Saw a recipe on the site for meatloaf. Made a few modifications and tried my hand at it.

2lb ground moose
1/2 Bell Pepper Chopped
1 Small Onion Chopped
1 Cup Finely Chopped Mushrooms
2tsp Garlic Powder
2tsp Worstershire Sauce
1/2 Cup Ketchup
1/2 Cup Saltines Cracker Crumbs
2 Eggs Beaten Lightly
1/2 Cup Milk

Cooked at 250 for 3 hours until internal temp reached 150. Turned heat up to 300 for 35 minutes as it was a little moist so I will probably make two loaves next time instead of 1 large loaf.
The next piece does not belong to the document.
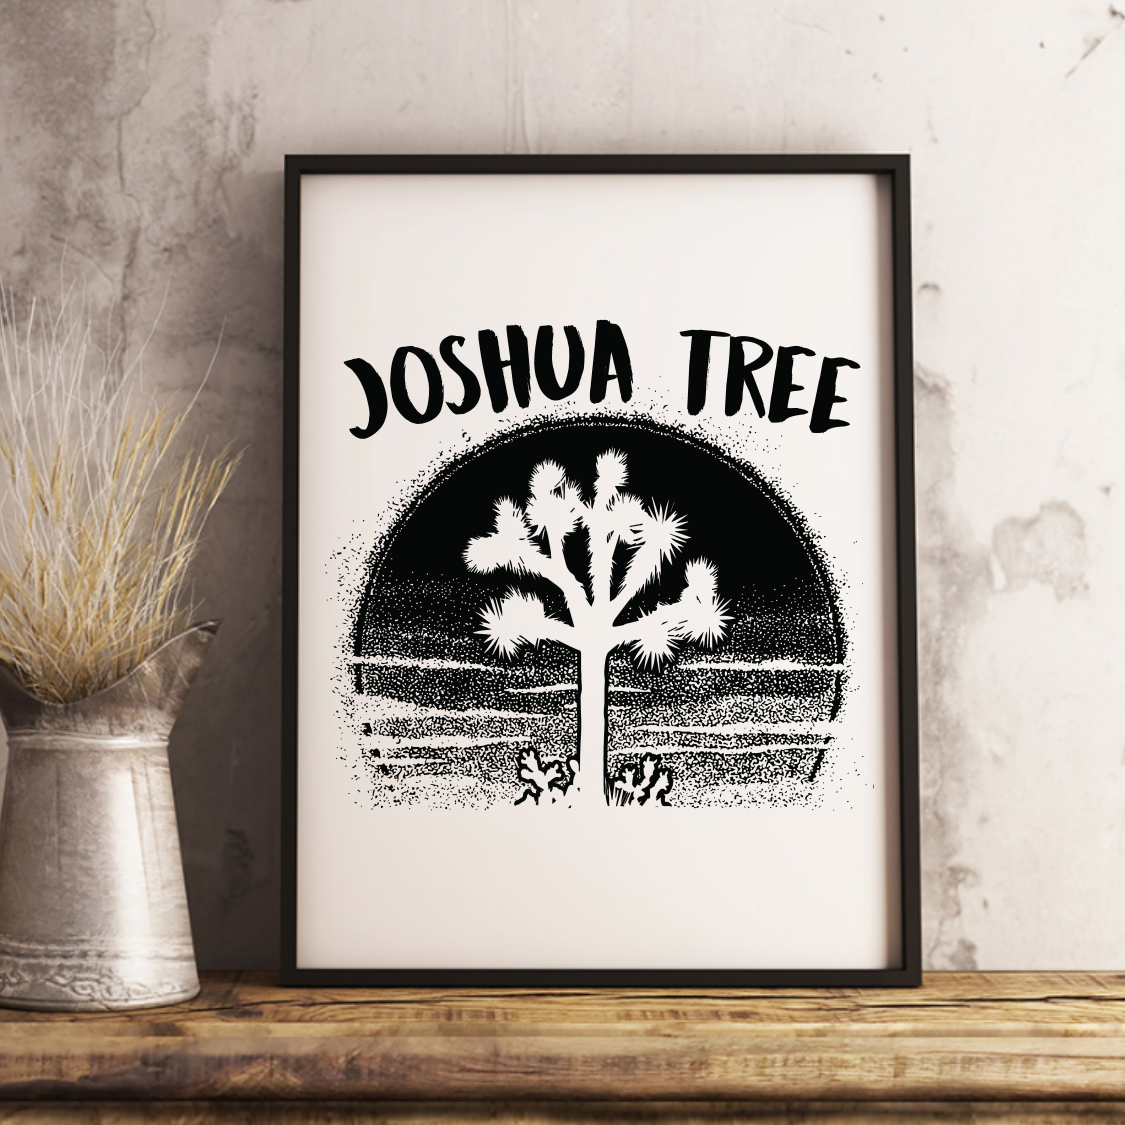 Joshua Tree 13 x 19 Poster Print
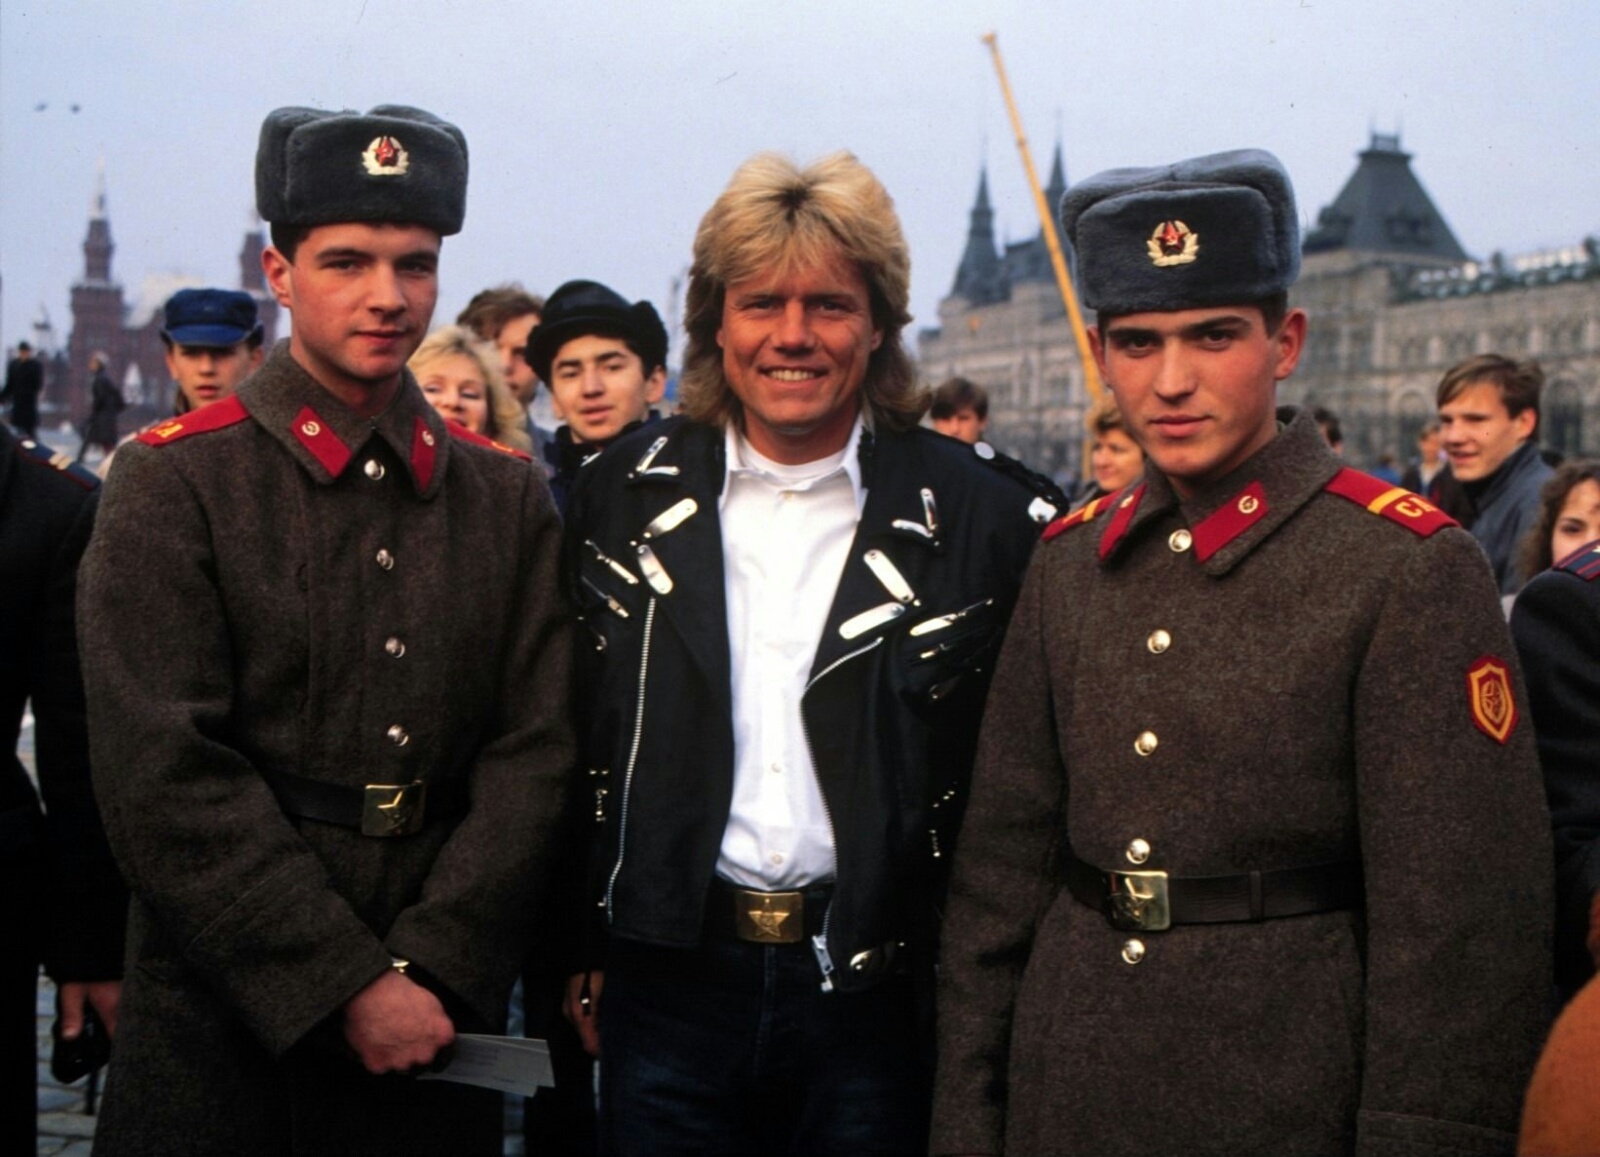 1600x1157, 404 Kb / Дитер Болен, солдаты, Москва, 1989

I used a combination of apple and alder chunks for the smoke.


Added bbq sauce to half as some in my family like it with sauce and half do not.

Turned out fork dropping good and hands down the family likes new new recipe.

qview follows:


Formed Mixed Ingredients into a loaf


The Finished Smoke


----------



## glgoodwin (Jul 25, 2009)

Looks great.  I got to say, I had never heard of smoking a meatloaf until discovering SMF.  But I just did my first smoked meatloaf and it turned out great.  Gotta do it again!!  Though I am anxious to try my hand at many of the other possibilties smoking offers so the next meat loaf my have to wait.

Thanks for sharing!


----------



## rivet (Jul 25, 2009)

Hey tacman....great looking meatloaf. Moose is tasty....any leftover slice or two for a quality check?


----------



## mballi3011 (Jul 25, 2009)

Your meatloaf looks very tastey. I have never had moose meat but I hear it's good. I hired a canadian guy who had a bumber sticker that read 
" Eat more moose 10,000 bears cann't be wrong"


----------



## tacman (Jul 25, 2009)

hmmmm..... seems to me that a serious upgrade to the forum would be required before I can send you a slice....


----------



## tacman (Jul 25, 2009)

Now you got me thinking.....if we had less bears....then we would have more moose and more people could try it....I'm Game! 
	

	
	
		
		



		
		
	


	





Moose is actually very tasty when prepared properly. One just has to understand that it is very lean and therefore has a tendency to dry out if not cooked properly or overcooked.

I am contemplating how to keep a raost moist enough to smoke. Perhaps injection? Look for that post in the future.

Right now, I am pulling a couple of pheasants a friend of mine from Minnesota brought up for me. qview will be posted shortly...and tomorrow, we will be working on smoking up another batch of salmon. some for canning....some for vacuum packing.


----------